Here’s what each part of the script is doing:
- **Creating a custom metric descriptor** that defines the structure of the latency metric we'll be tracking.
- The custom metric expects a label "model_name", so this should be included when reporting data to it from the application.
- **Defining a dashboard with a widget** that visualizes the latency data. It uses the custom metric to create a line chart representing inference latency over time.
- **Defining an alert policy** that specifies the conditions under which an alert would be triggered. Here, we've set it to alert if the mean latency exceeds 1 second over a minute.

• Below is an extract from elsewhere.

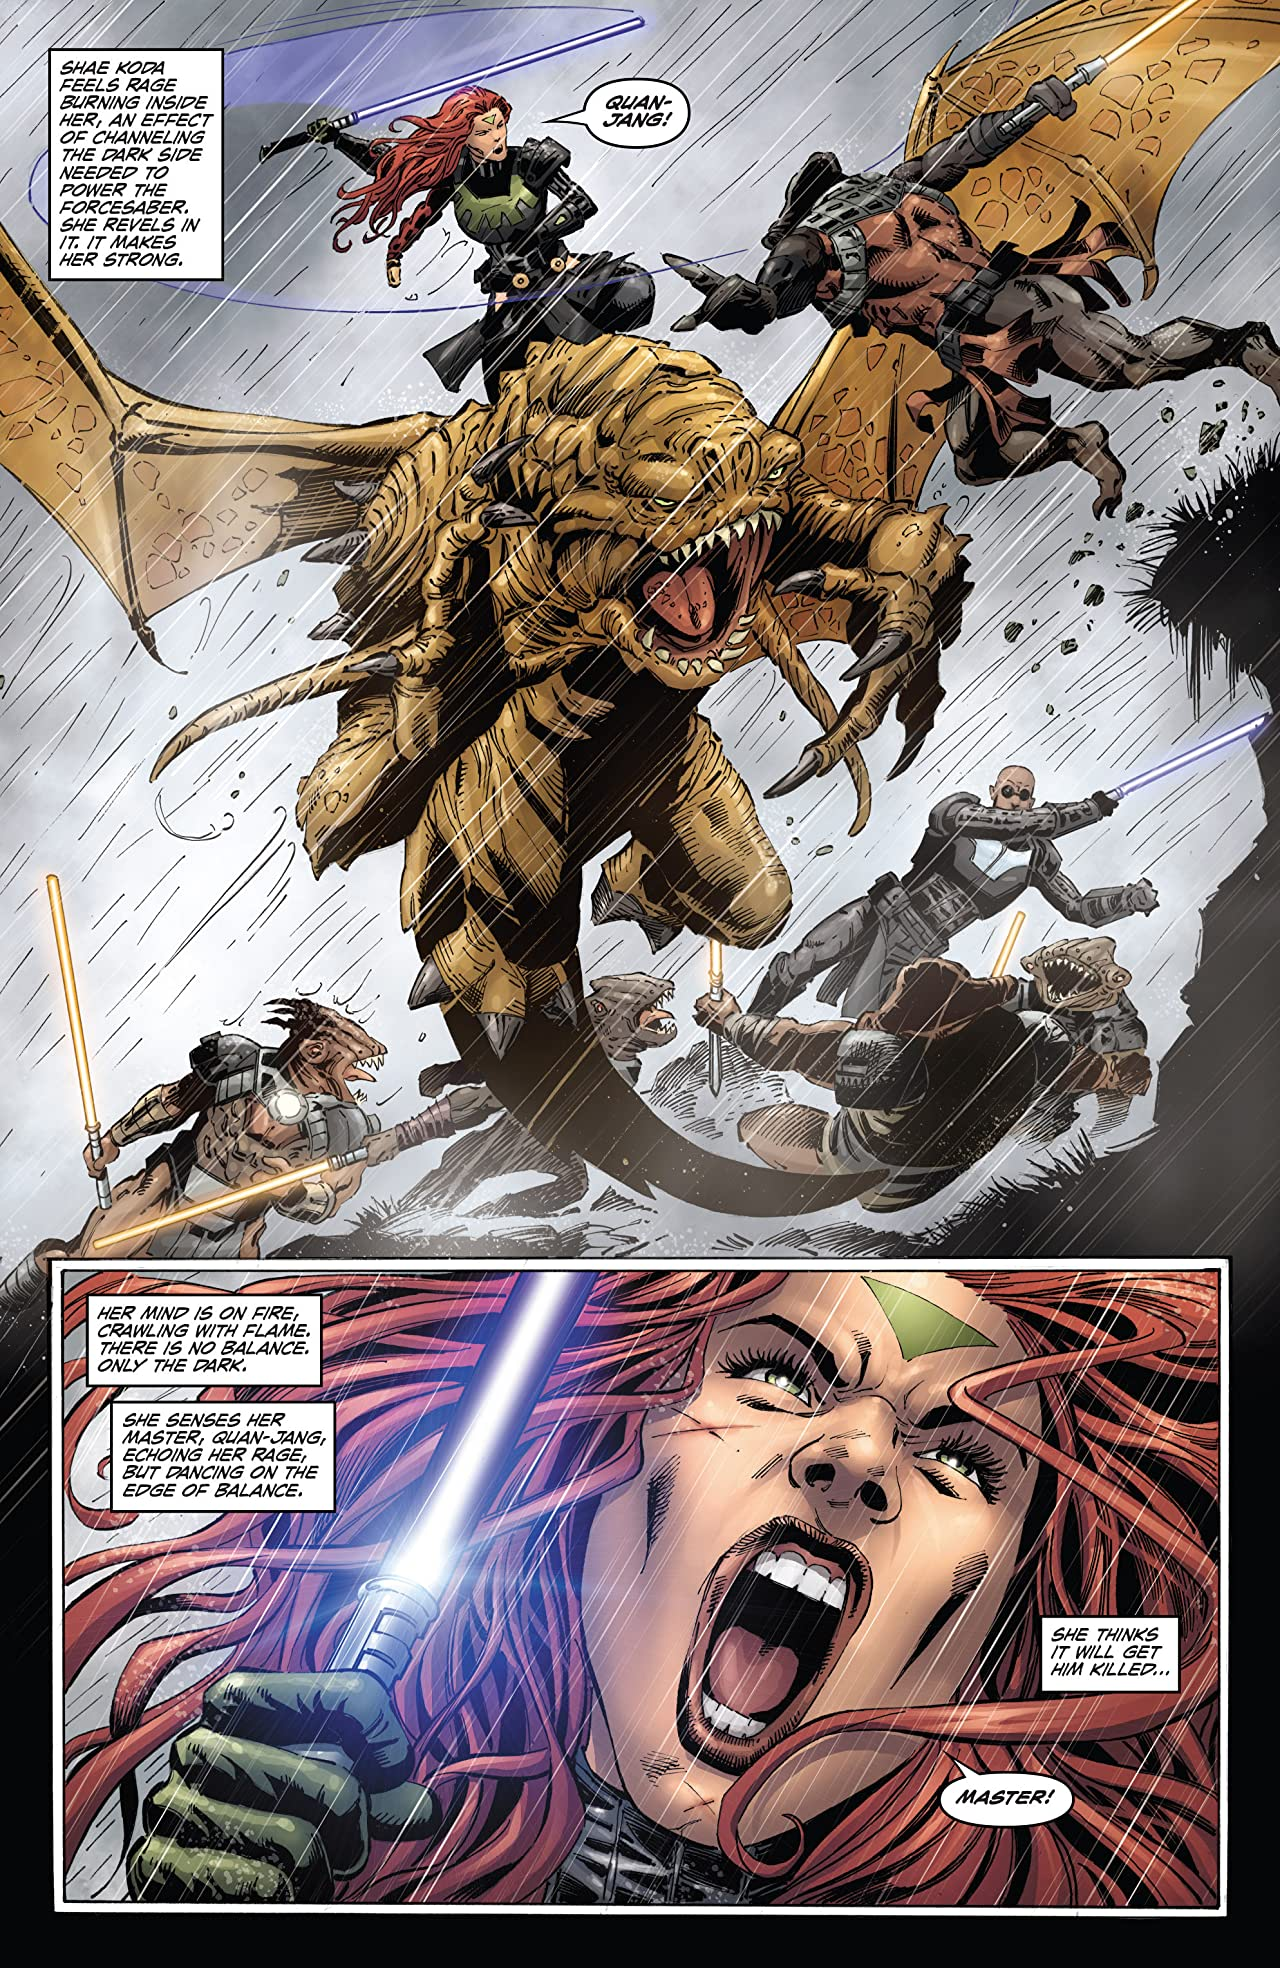 Star Wars: Dawn of the Jedi - Force War (2013-2014) #3 (of 5)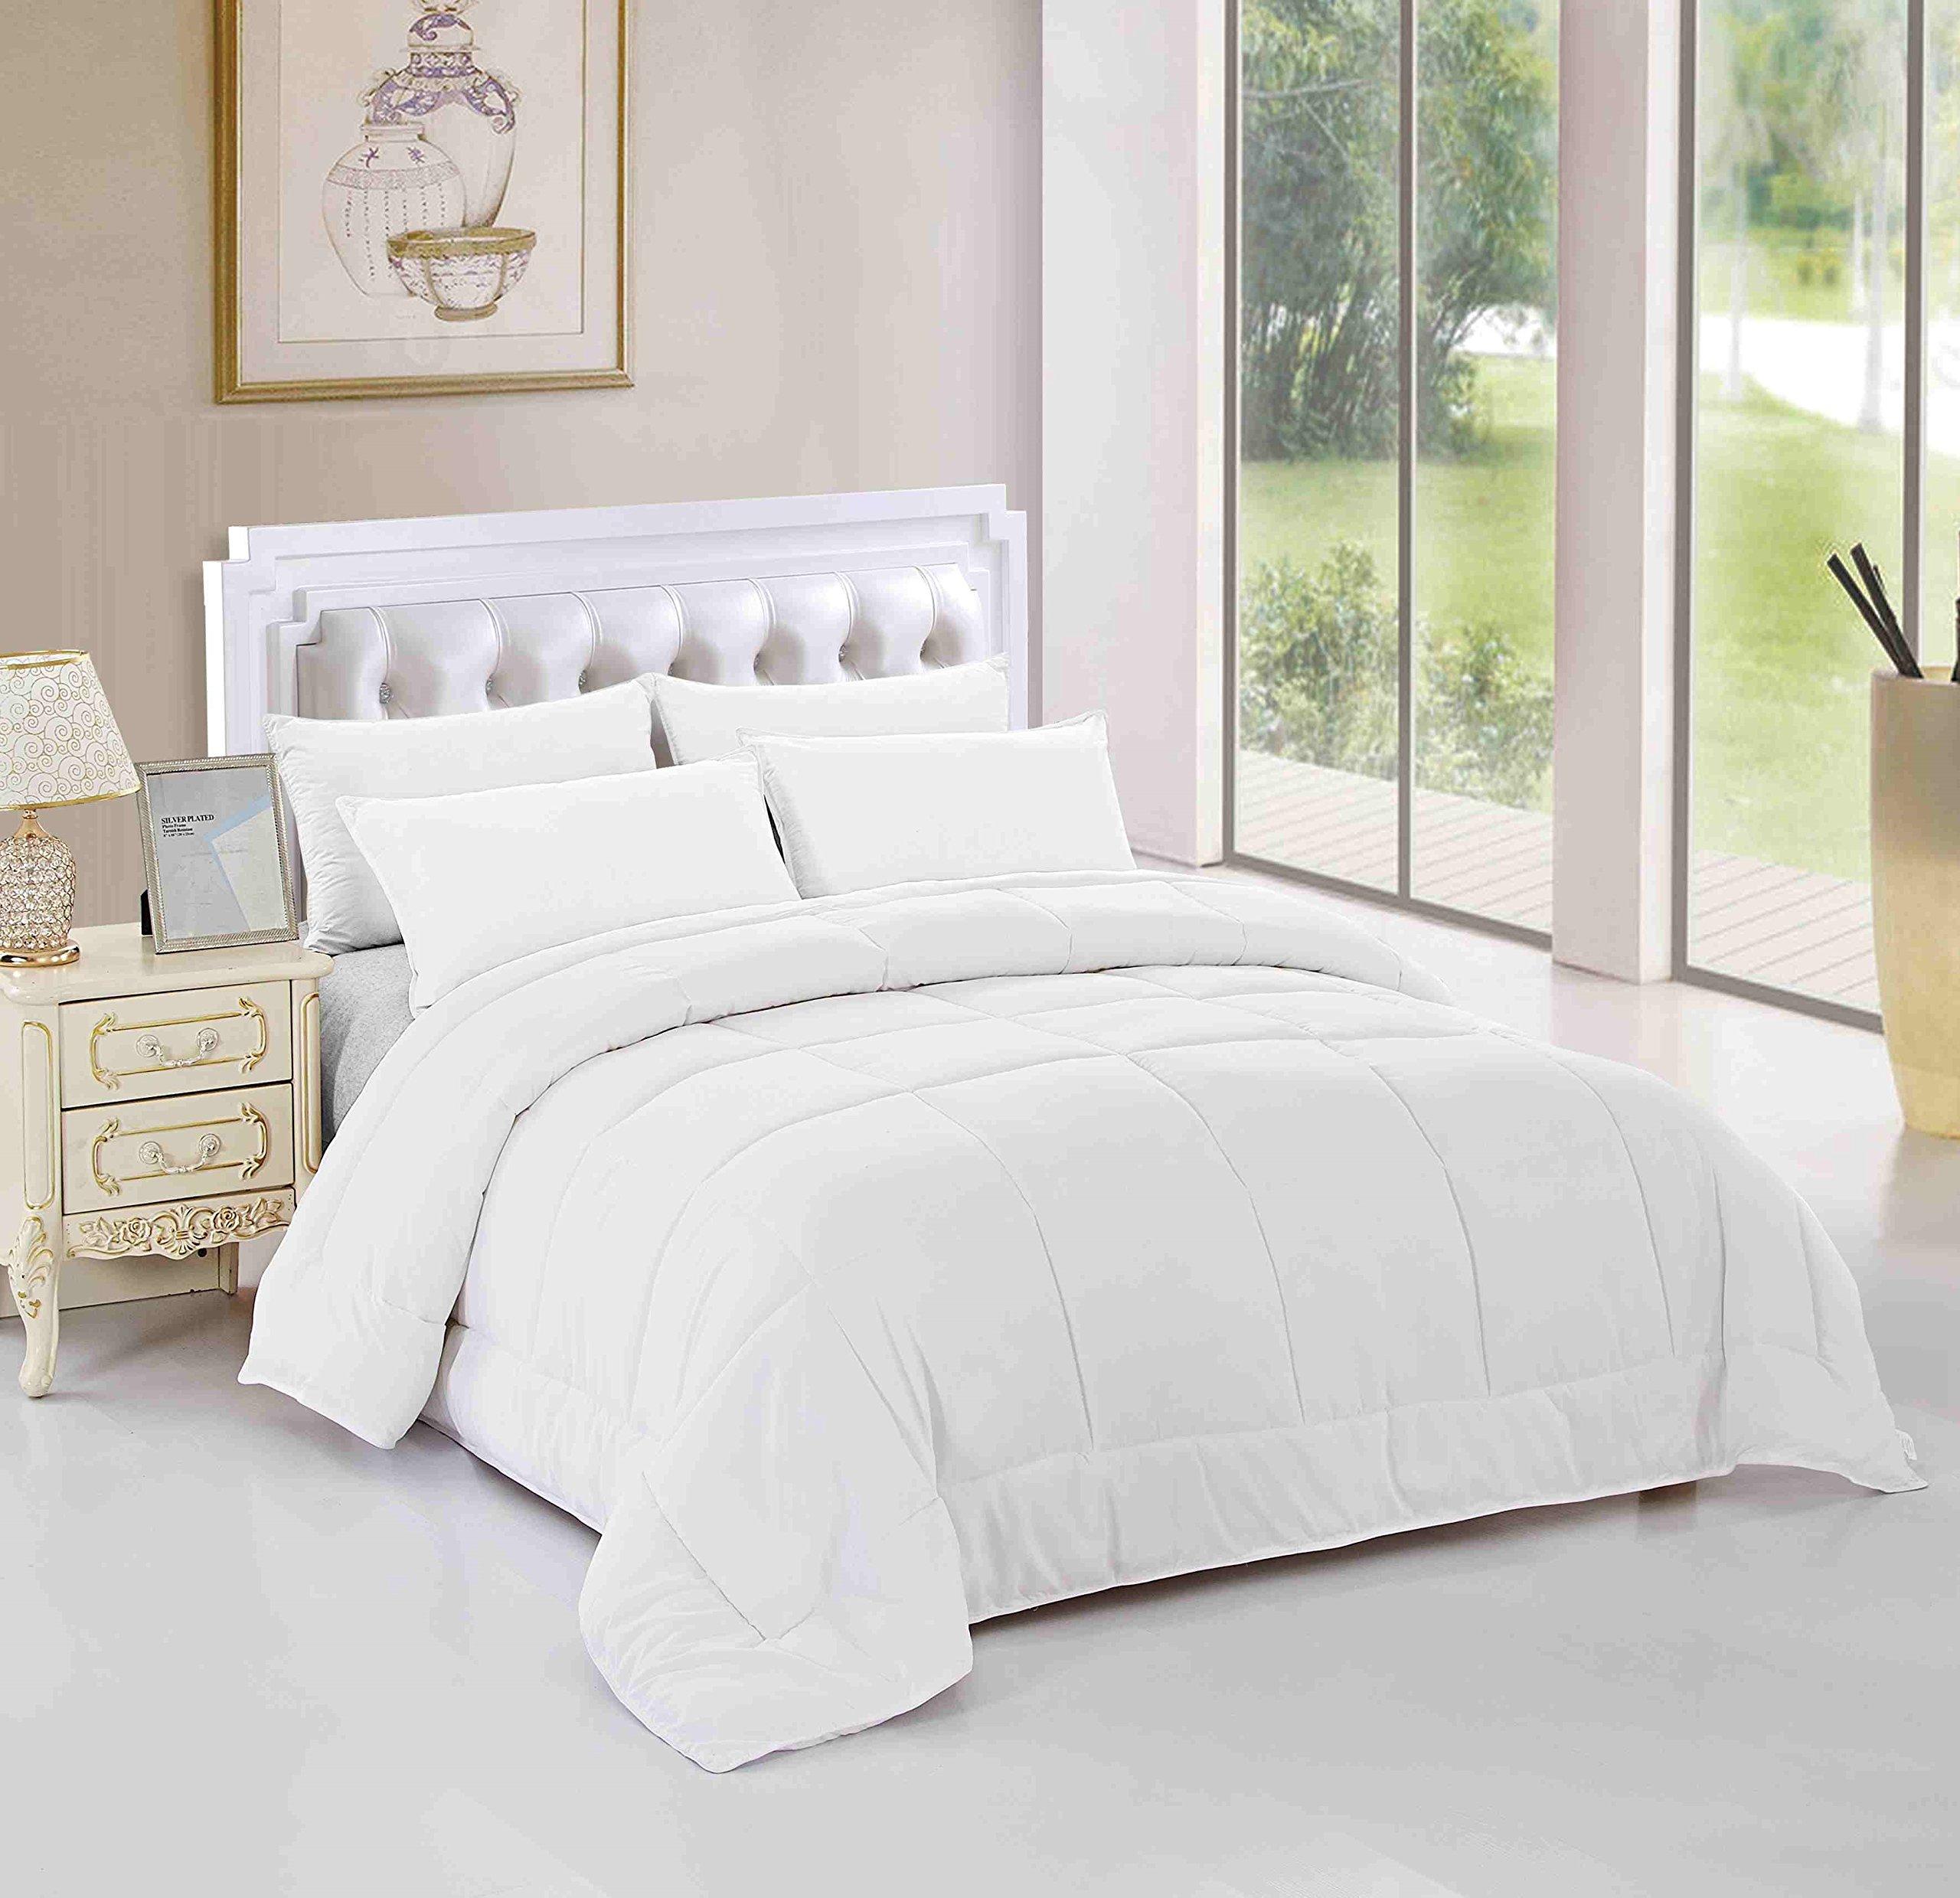 Unique Home All Season Alternative Goose Down Comforter Plush Fiberfill Duvet Insert All Sizes Twin / Twin XL / Queen / King

- **Setting up a notification channel** that would receive notifications when an alert is triggered. In this case, an email channel is set up to notify a provided email address.

Deploy this program with Pulumi after filling in your details, and you'll have a monitoring system in place to track your AI model inference latency. Make sure you replace the relevant placeholder text (like model names and email addresses) with actual information.